Caught in a vise-grip of spiraling work hours and shrinking vacations, employees across the country hardly have a chance to catch their breath or enjoy the fruits of their labor. These are people like Nancy Jones, a nurse in Southern California, who last year put in a vacation request in January to attend her son's wedding in July. "They kept giving me the runaround," she recalled. "They tell you they don't know if you can have the time, because they expect to be busy. It happens all the time." After her manager ignored numerous requests, she wound up having to corner the director of the company, just days before the wedding, to get the time off.

An aerospace worker from Seattle sent me an e-mail that sums up the growing dilemma of vacations that are only on paper: "If you try to take a couple of your vacation days, you get told no, so your only recourse is to call in sick, and probably not get paid for it, and risk getting management mad and becoming a potential candidate for termination. What happened to families and the reason we go to work to begin with?"

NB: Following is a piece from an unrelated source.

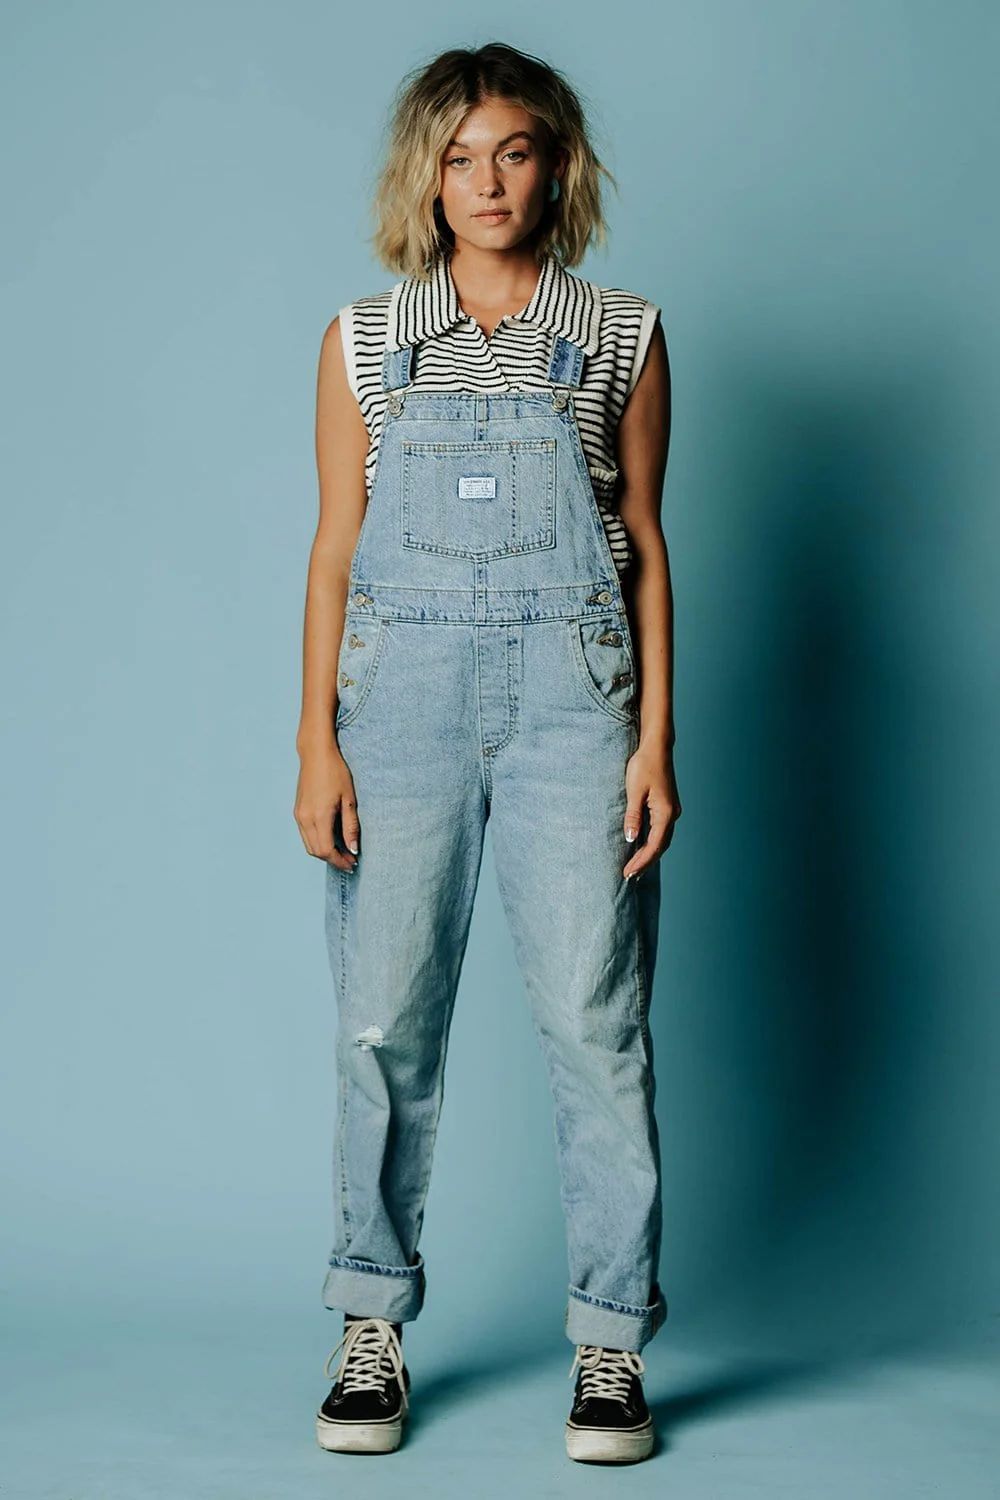 Levi's Vintage Overall Afternoon Stroll | Clad & Cloth

In the early '90s, Juliet Schor first called attention to skyrocketing work weeks and declining free time in her book, "The Overworked American." In the decade since that groundbreaking work appeared, things not only haven't gotten any better -- they've grown worse. We're now logging more hours on the job than we have since the 1920s. Almost 40 percent of us work more than 50 hours a week. And just last month, before members of the House of Representatives took off on their month-plus vacations, they decided to pile more overtime on working Americans by approving the White House's scrapping of 60 years of labor law with a wholesale rewrite of wage and hour regulations, turning anyone who holds a "position of responsibility" into a salaried employee who can be required to work unlimited overtime for no extra pay.